Фото с официального сайта Чеховского фестиваля
Джеймс Тьере – французский актер и режиссер, внук Чарли Чаплина, сын Виктории Чаплин и Жана-Батиста Тьере. Вся семья приехала на Театральный фестиваль им. А.П.Чехова. Родители показали спектакль «Невидимый цирк», а дети - два своих, независимых друг от друга: сын Джеймс – «До свидания, зонтик!», а дочь Аурелия – «Ораторию Аурелии». Семья готова отвечать на любые вопросы журналистов, за исключением одного. За вопрос о дедушке Чарли могут если не прибить, то подумать об этом. Поэтому разговор с Джеймсом Тьере в отеле «Гранд Мариотт» на Тверской корреспондент «НГ» начинает с вопроса об отце.

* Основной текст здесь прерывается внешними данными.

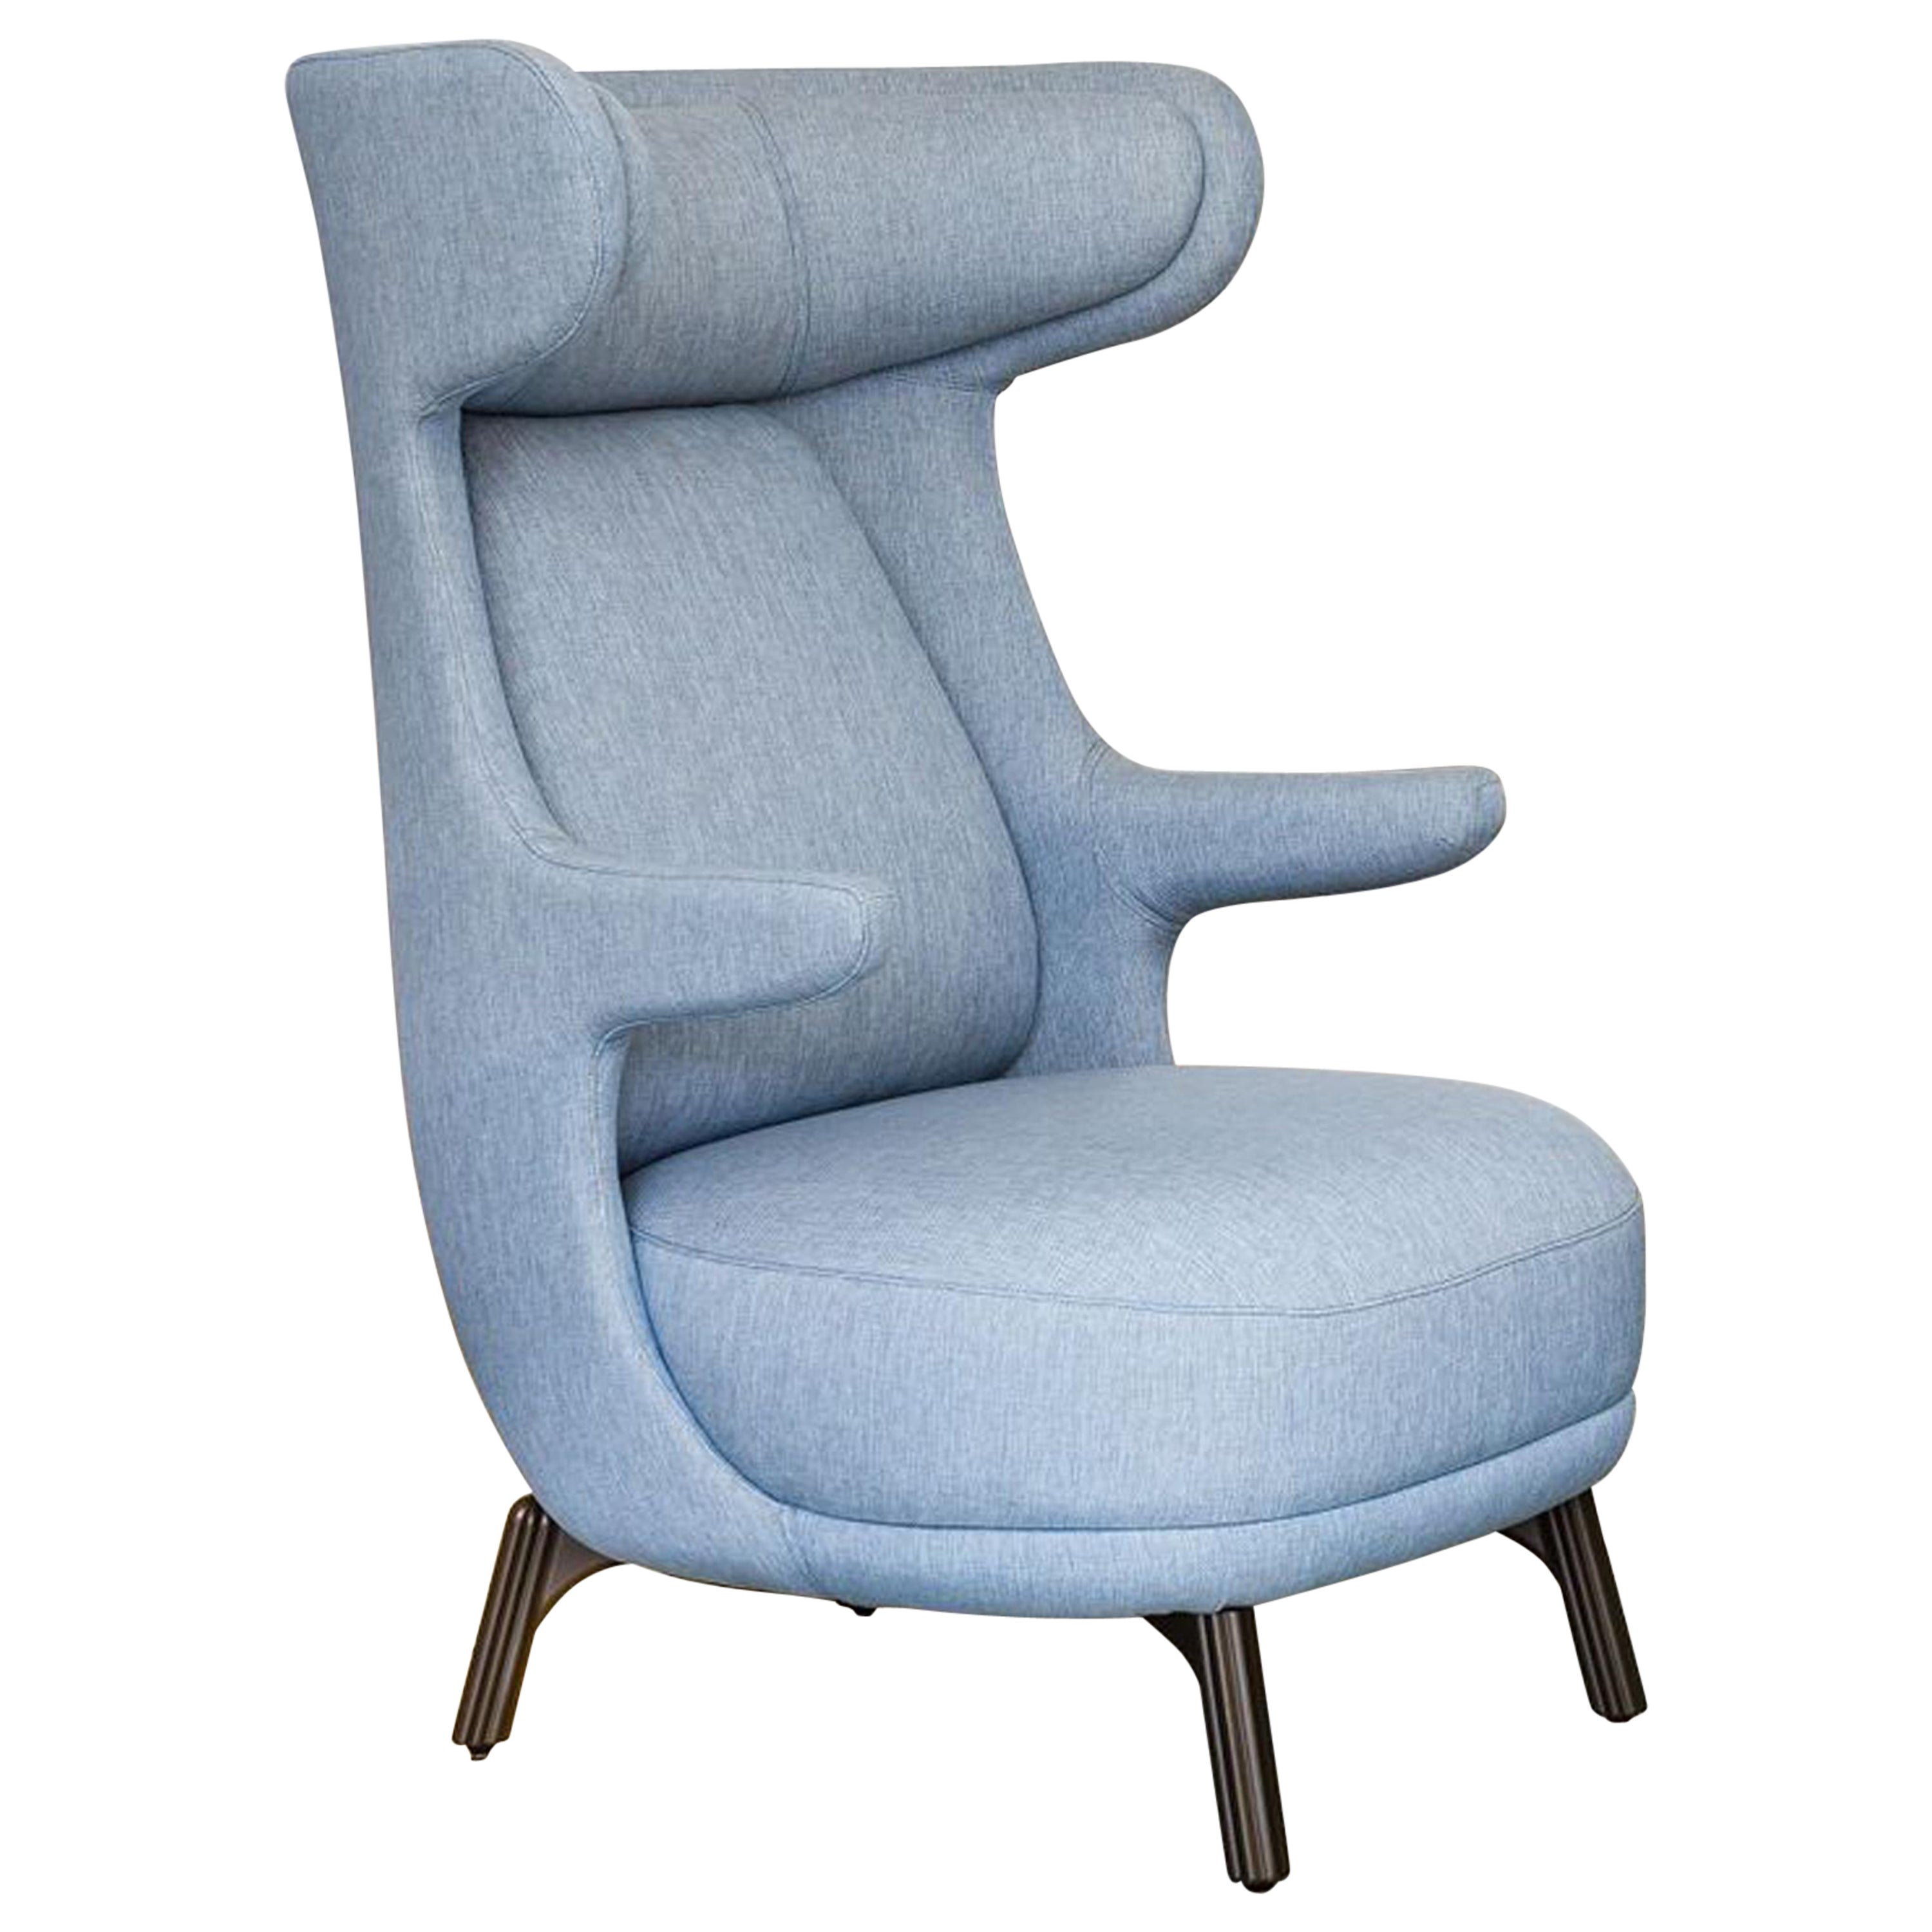 Jaime Hayon, Contemporary, Monocolor in Blue Fabric Upholstery Dino Armchair For Sale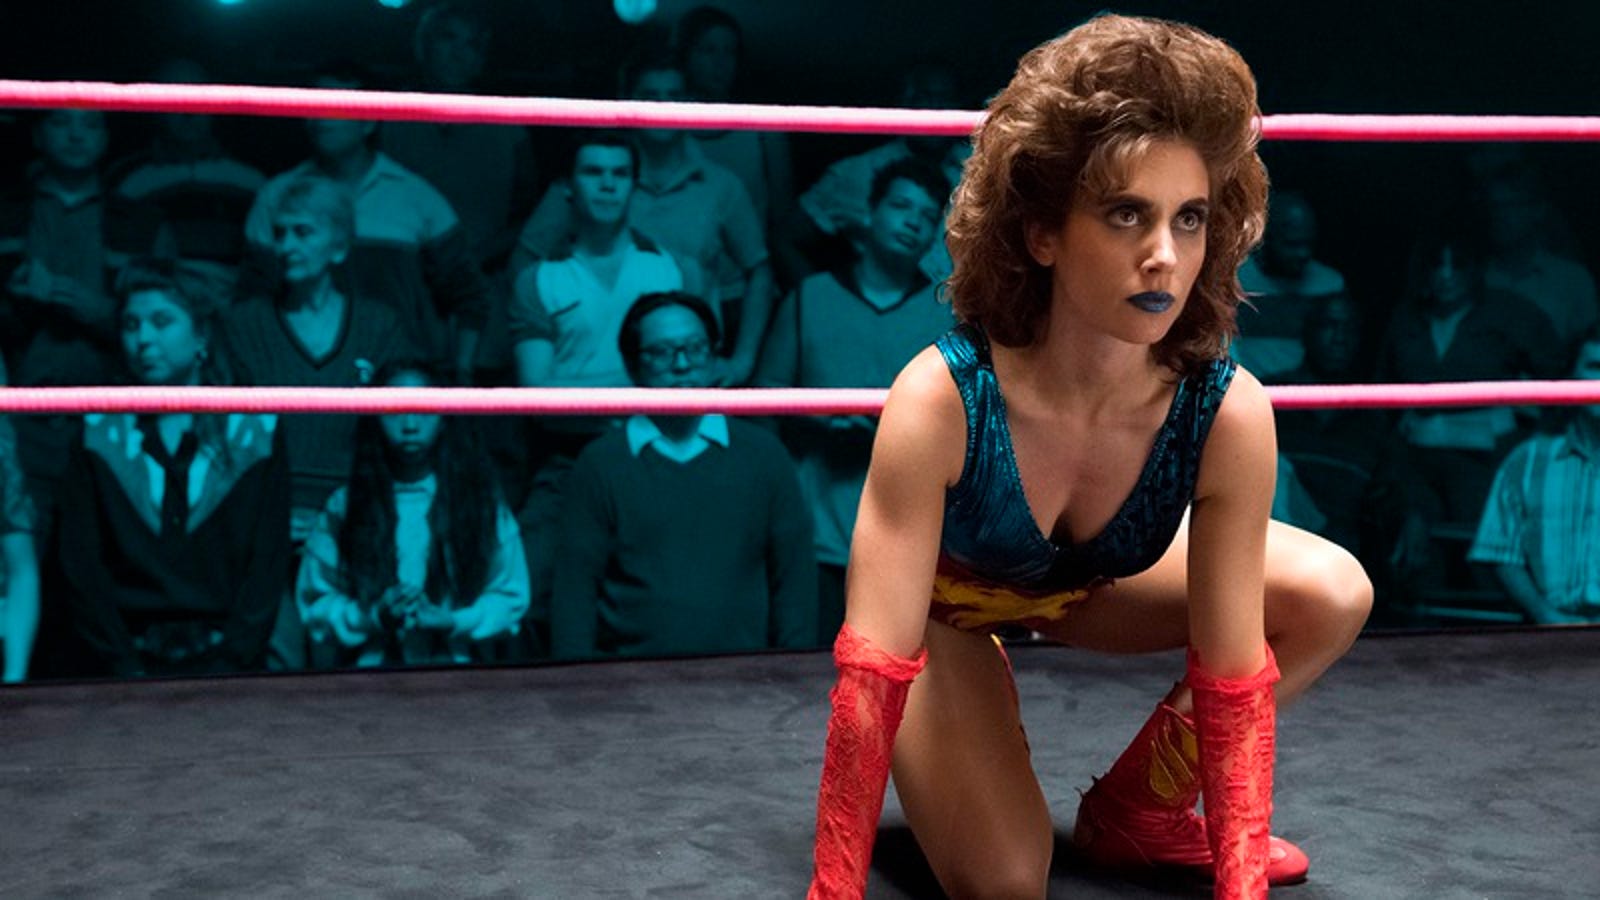 Alison Brie On Her “sexless” Glow Character And Getting Thrown Around A

– Ваш отец, принадлежащий поколению 60-х, верил в формулу «искусство для народа», он ушел из театра в цирк, а вы верите в эту формулу, уйдя из цирка в театр?
– Мой отец переживал разные периоды: в 60-е был политически активен, в 80–90-е, напротив, совершенно аполитичен. Если не подразумевать в этой формуле политическую ангажированность, то в моем театре есть место самому разному зрителю: и рабочему человеку, и какому-нибудь функционеру.
– Такой тип театра, который показываете вы, у нас в России почти не существует.
– Разве нет традиции визуального театра?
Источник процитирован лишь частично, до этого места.